Ma l’idea del pareggio di bilancio è, a ben guardare, presente anche nella nostra attuale Costituzione repubblicana anche se in nuce, esso è contenuto nell’ultimo comma dell’articolo 81 della Costituzione che recita: “Ogni altra legge che imponga nuove o maggiori spese deve indicare i mezzi per farvi fronte.”

E’ bene, di fronte a questa norma, ricordare, grazie all’onorevole Antonio Martino che ha citato recentemente questo episodio, ciò che dissero due esponenti della Costituente che rispondevano rispettivamente al nome di Giulio Einaudi ed Ezio Vanoni, esponenti politici diversi ma accomunati da una profonda etica civile e passione politica. Einaudi, il liberale, in quella riunione disse che l’ultimo comma dell’articolo 81 costituisce “il baluardo rigoroso ed efficace voluto dal legislatore allo scopo d’impedire che si facciano nuove o maggiori spese alla leggera senza avere prima provveduto alle relative entrate”. Questa tesi fu appoggiata dall’onorevole democristiano Ezio Vanoni, il quale precisò che “la norma è una garanzia della tendenza al pareggio del bilancio e che è opportuno che, anche dal punto di vista giuridico, il principio sia presente sempre alla mente di coloro che propongono spese nuove. Il governo deve avere la preoccupazione che il bilancio sia in pareggio e la stessa esigenza non può essere trascurata da una qualsiasi forza che si agiti nel paese e che avanzi proposte che comportino maggiori oneri finanziari”. Come noto, a partire dai primi anni Sessanta quella regola venne abbandonata.

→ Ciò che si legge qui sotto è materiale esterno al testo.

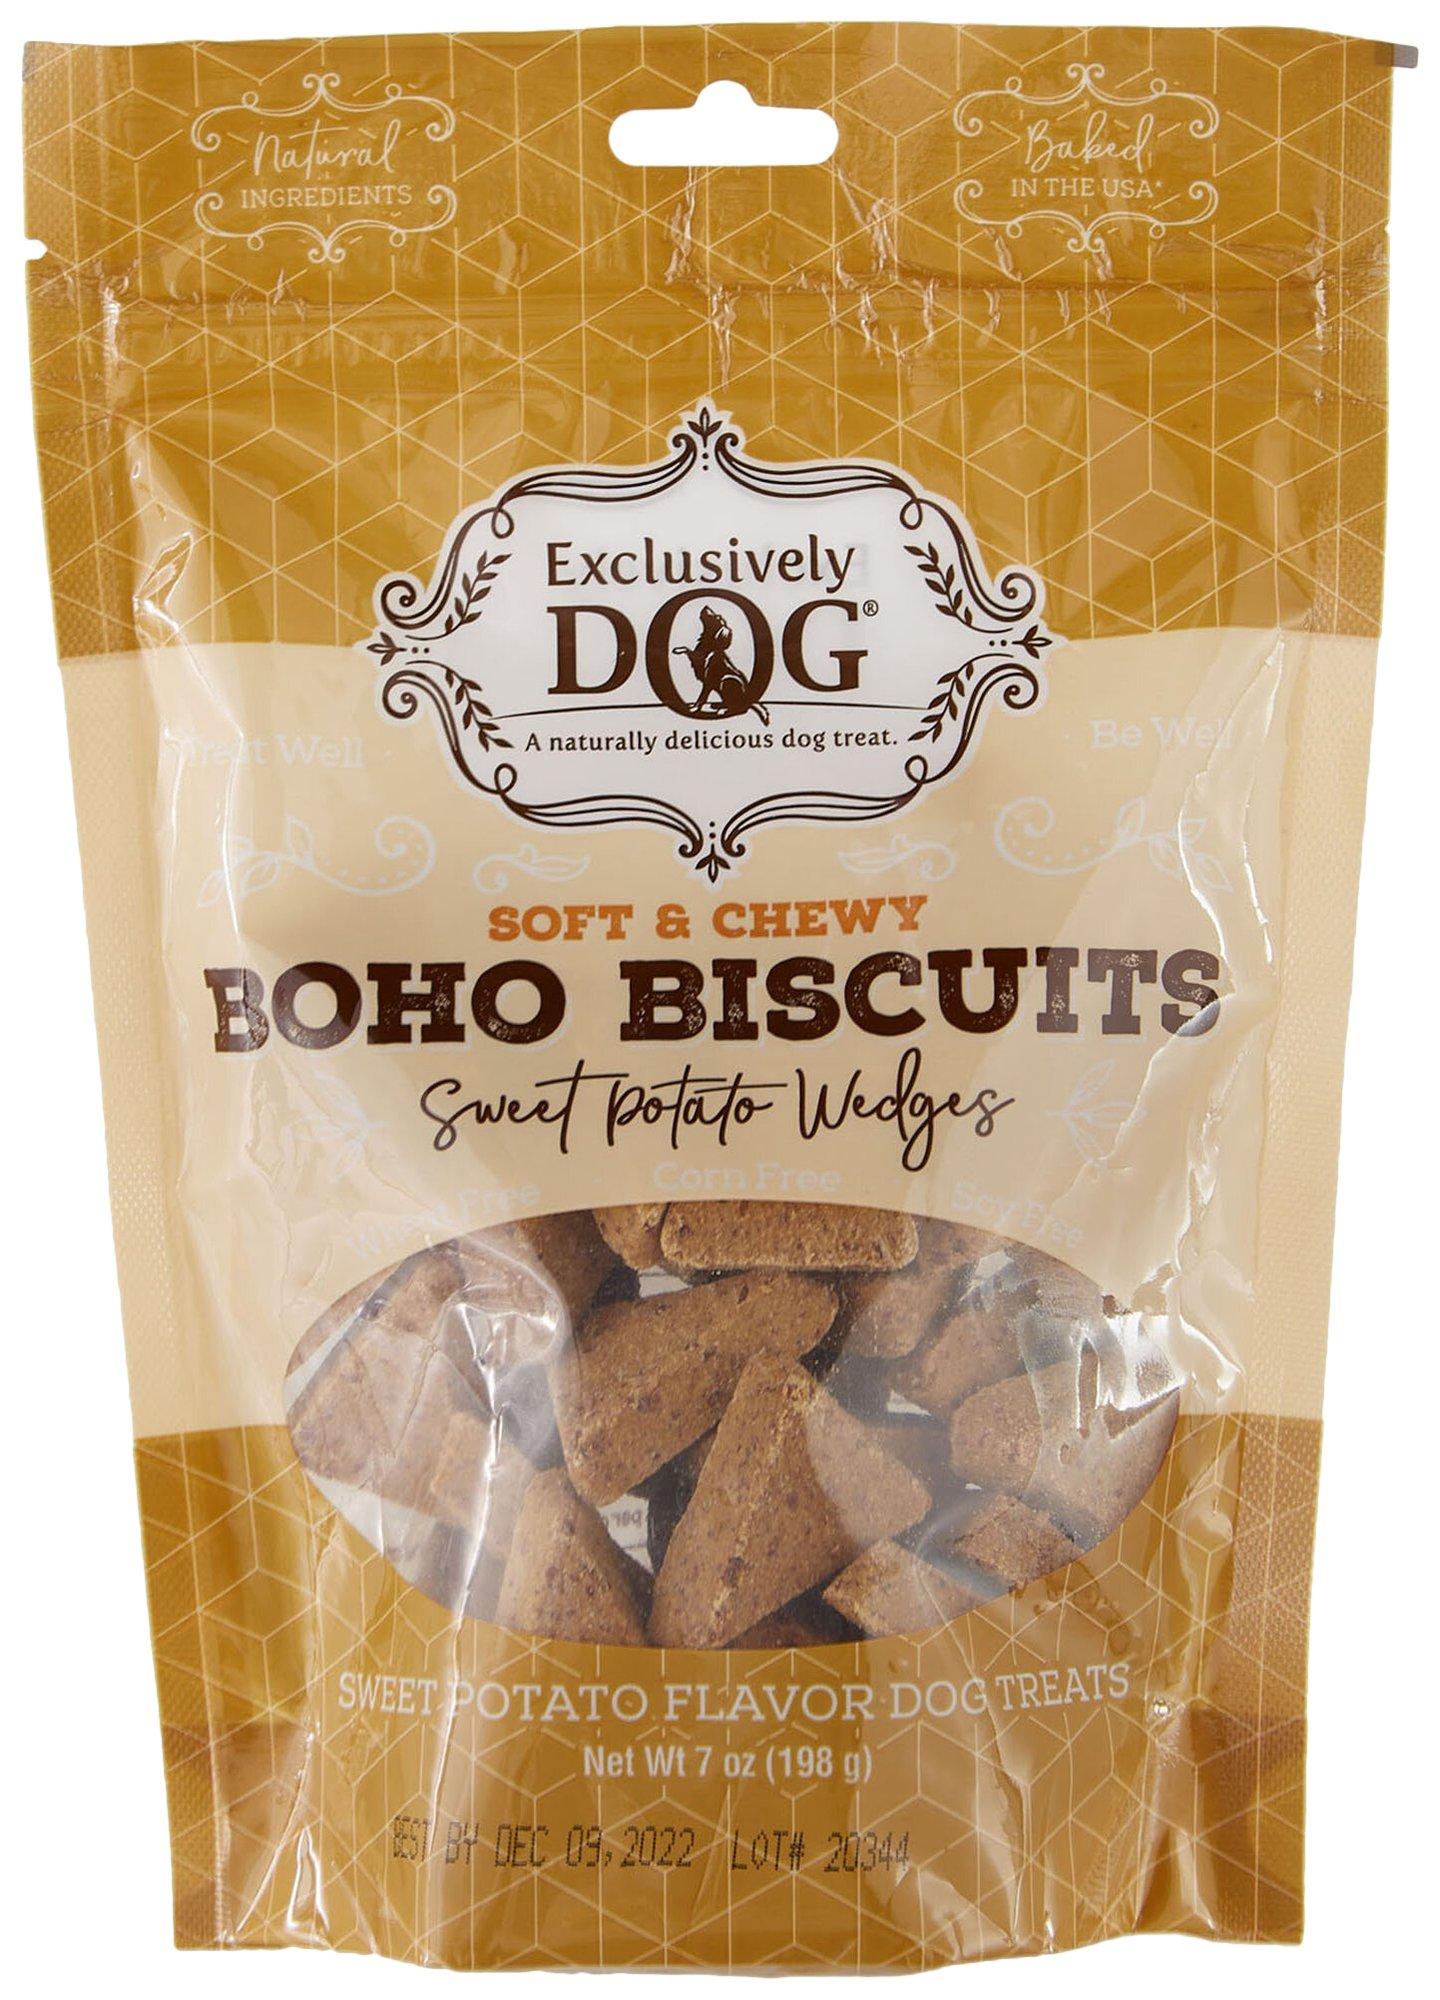 Boho Biscuits Sweet Potato Wedges Dog Treats

Mai abbandono fu più deleterio. E’ ovvio che a priori non siamo contrari al principio del fiscal compact, ma se questo principio è contemperato ed armonizzato con la crescita e lo sviluppo dell’Italia.

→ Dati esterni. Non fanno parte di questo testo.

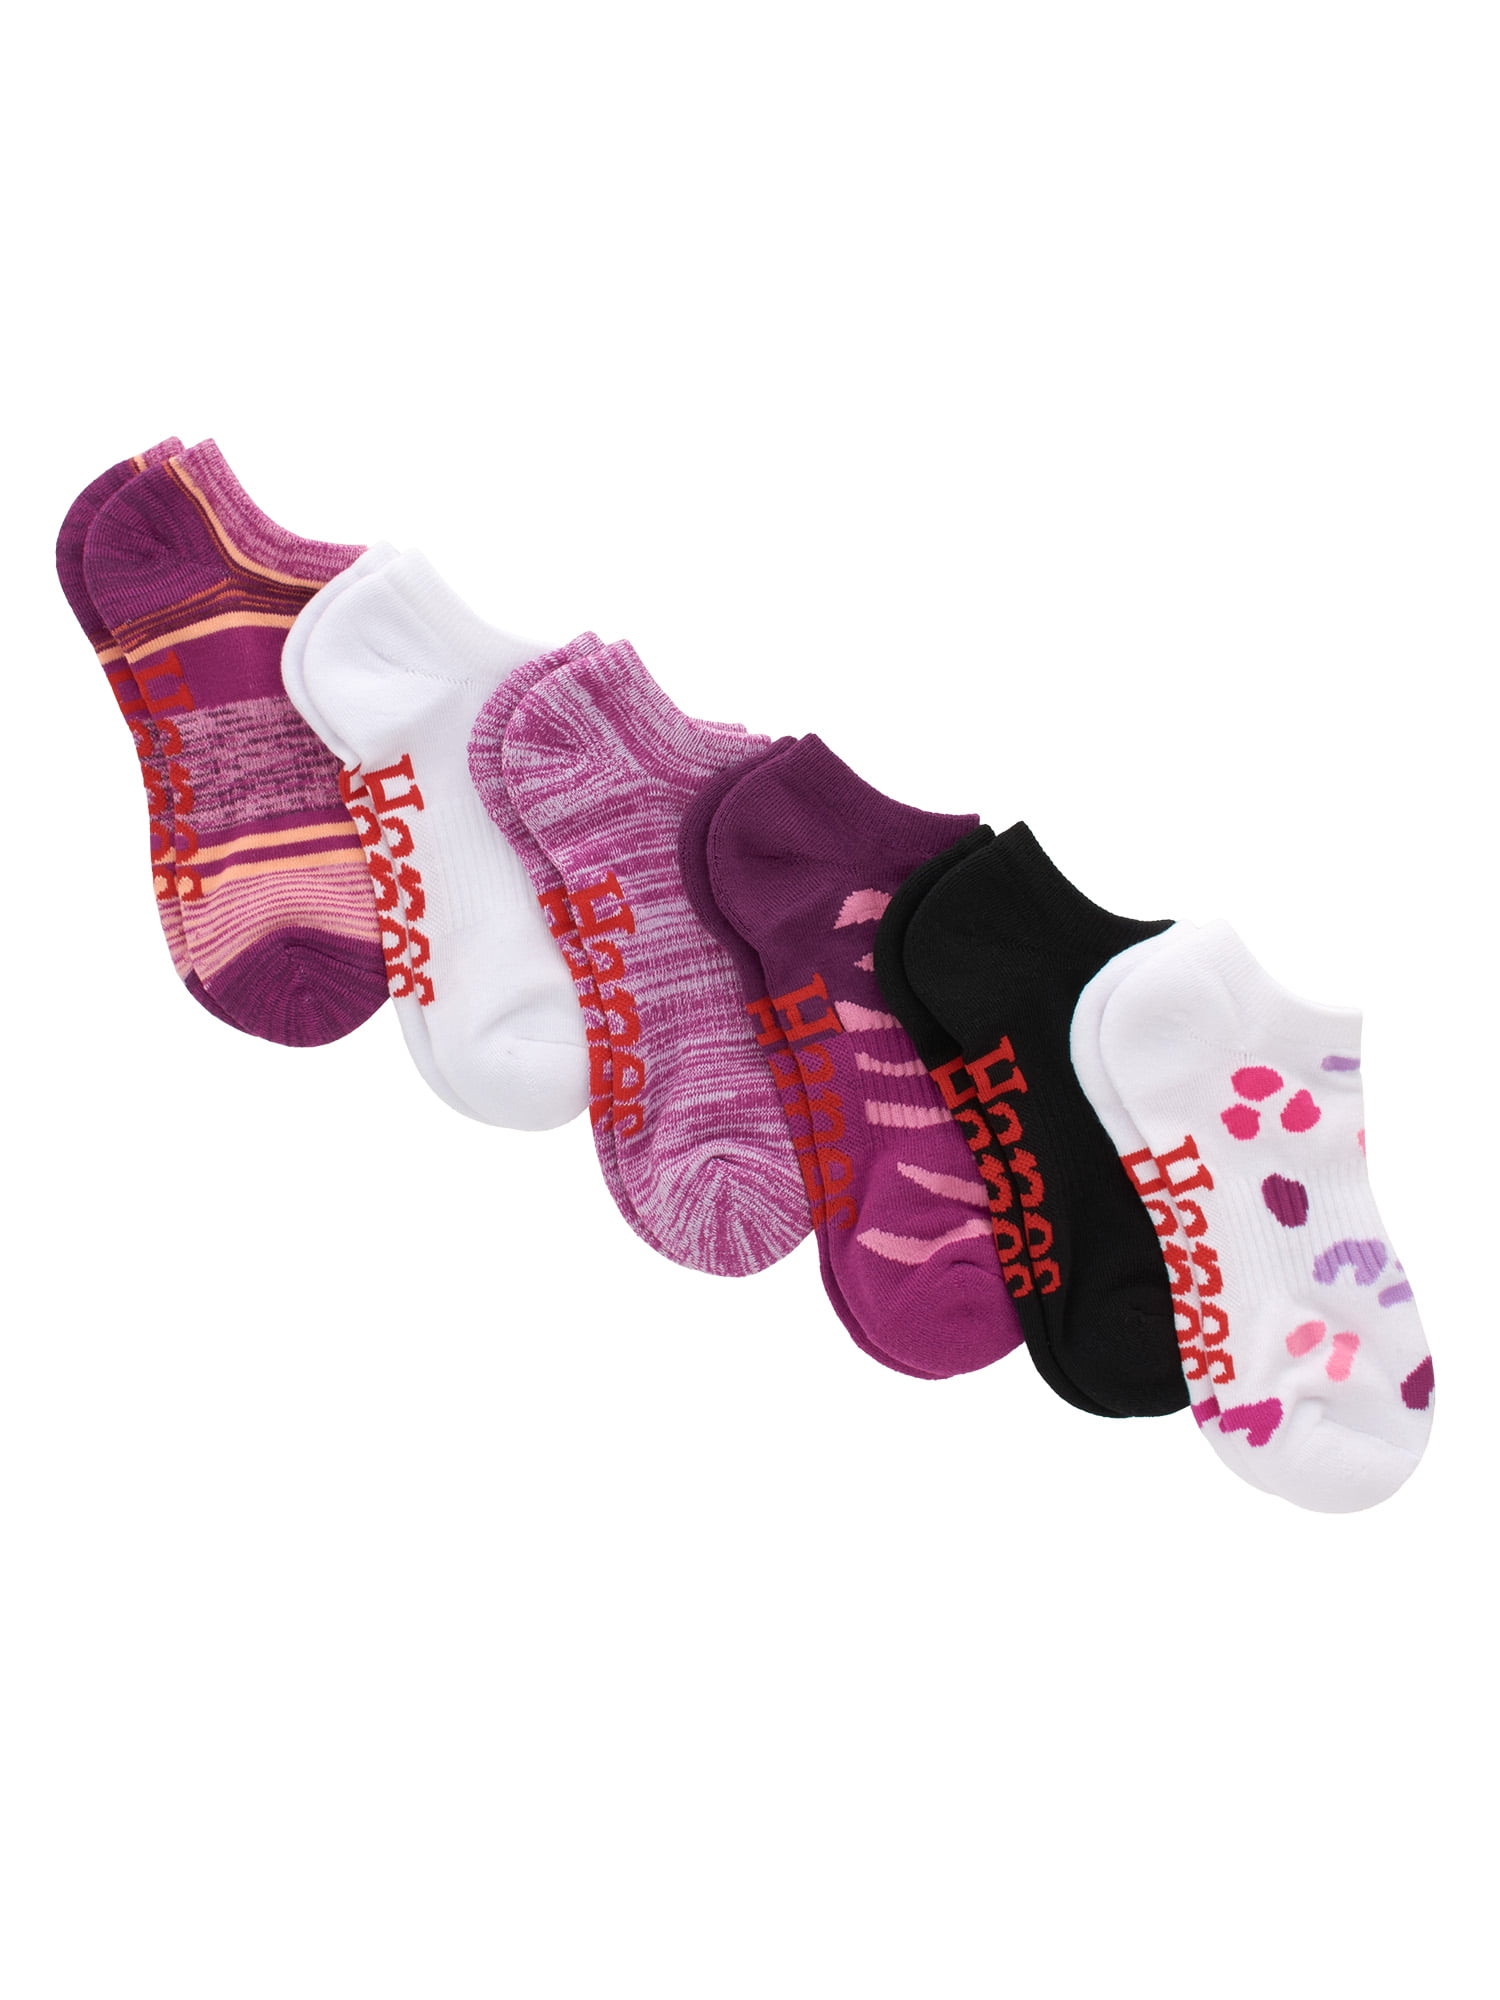 Hanes Originals Women's No Show Socks, Moisture Wicking, 6-Pair

Per noi del Tea Party la crescita e lo sviluppo dell’Italia può avvenire solo con una drastica dieta di questo Stato bulimico ed inefficiente e con adeguate politiche di privatizzazione, di liberalizzazione e di dismissione del patrimonio pubblico.
Solo per fare qualche esempio parziale e personale:
abolizione delle Province;
abolizione dei finanziamenti ai partiti;
riduzione verticale dei costi della politica;
– obbligo di dismissione dei carrozzoni pubblici nazionali, regionali e comunali;
– semplificazione e riduzione degli albi e degli ordini;
– riordino e riorganizzazione, su base economica, degli incentivi fiscali;

Sicuramente avrò dimenticato qualcosa, ma questo elenco, ovviamente monco, serve solo a dare l’idea di quello che il Tea Party sta lavorando per fare e per proporre.

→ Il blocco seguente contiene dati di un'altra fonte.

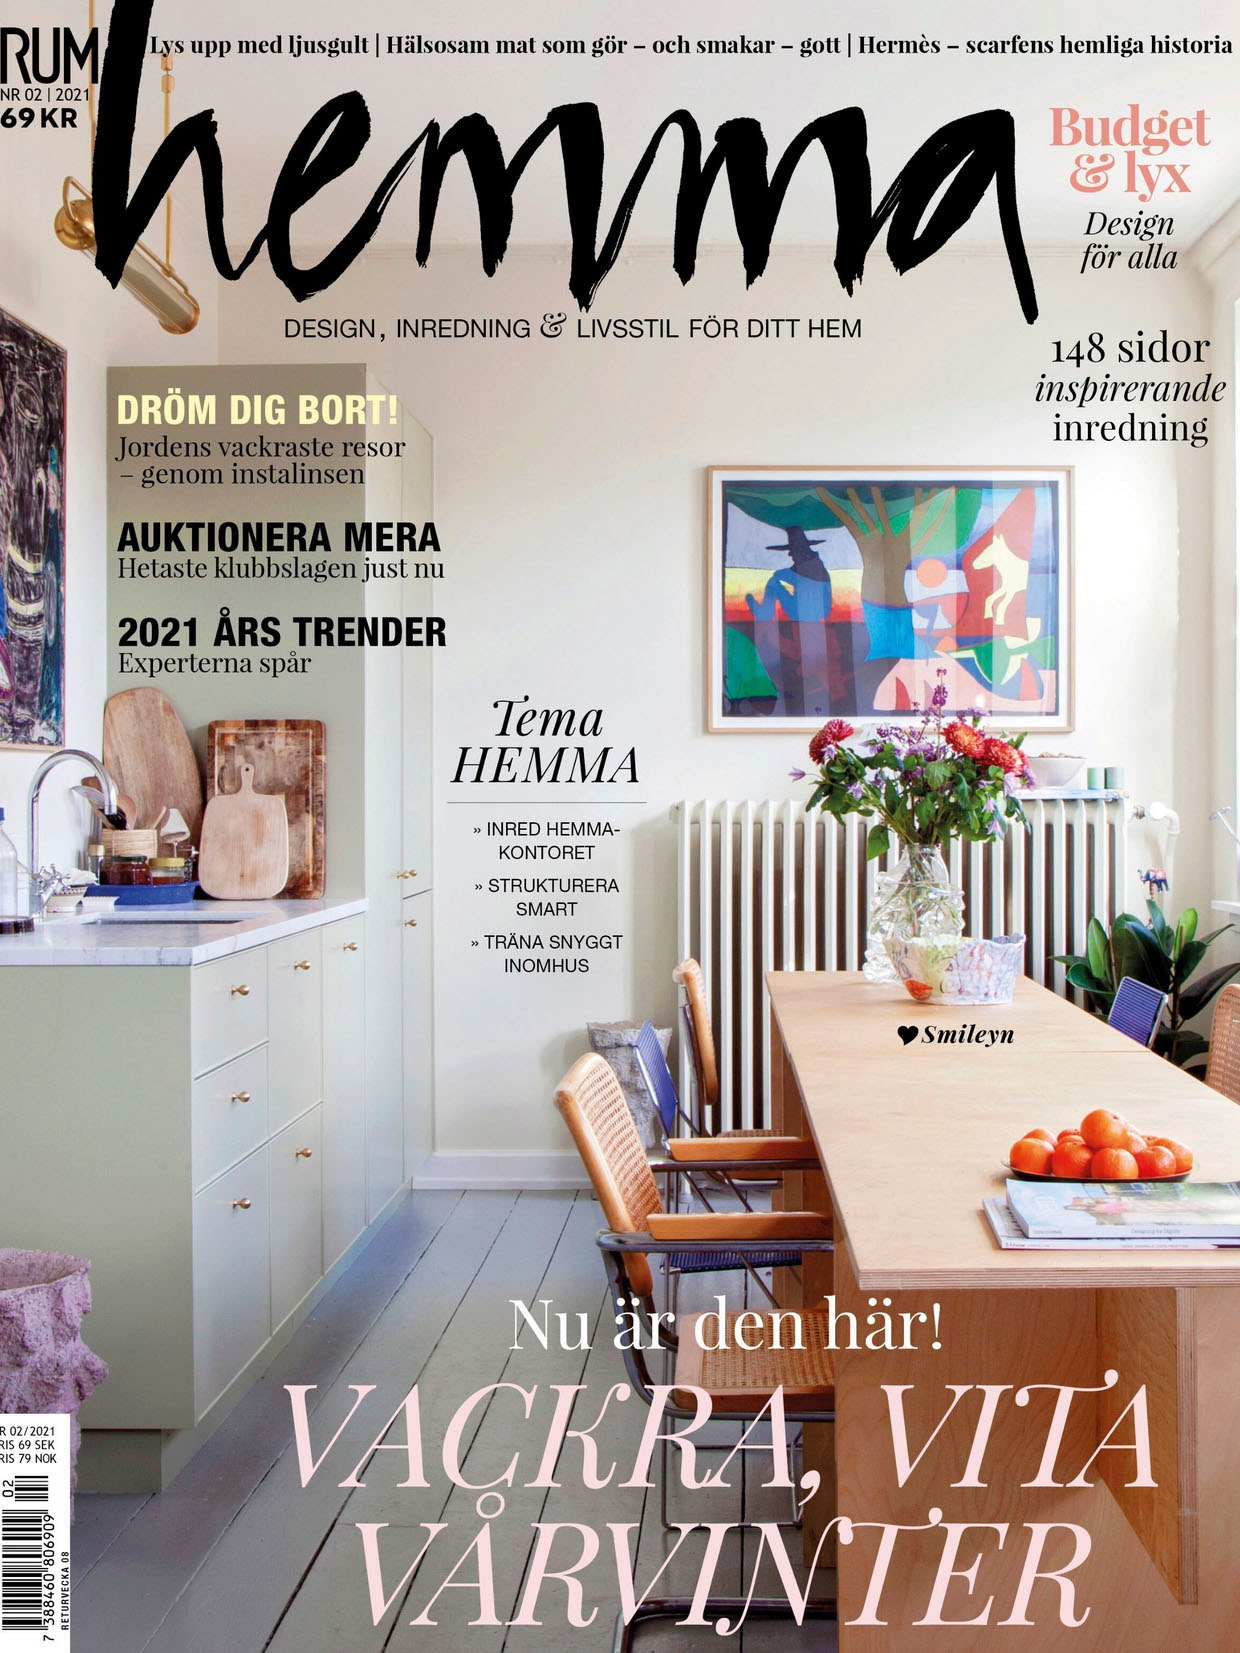 《Rum Hemma》瑞典版时尚家居杂志2021年02月号

Non siamo contro il licenziamento indiscriminato di infermieri, professori o dipendenti comunali. Siamo a favore dell’allontanamento di chi spreca le risorse pubbliche non producendo niente, dei fannulloni e di chi, in barba al merito, entra nel mondo del lavoro grazie a spinte e pratiche poco trasparenti.

Credo che queste, a grandi ed insufficienti linee, siano le direttrici sulle quali marcia il Tea Party in Italia. Sicuramente avrò tralasciato qualcosa della lettera che ci avete pubblicamente indirizzato e della quale vi ringraziamo ancora.

In chiusura mi piacerebbe citare una frase di Frank Knight, maestro di Milton Friedman, (ariecco la Reaganomics): “Il guaio non è che sanno così poco di economia, il vero guaio è che sanno tante cose sbagliate!”.

p.s.: giusto un inciso sulle politiche di spesa militari Reagan.
l’aumento della spesa militare non fu un vezzo di Reagan, ma più che altro fu dovuta al fatto di essere in quel periodo di piena guerra fredda, e in piena corsa agli armamenti (l’Unione Sovietica puntava i missili atomici verso l’occidente, Italia compresa), il trend della spesa militare crescente era costante, anche per quel che riguarda i precedenti presidenti, di qualunque partito.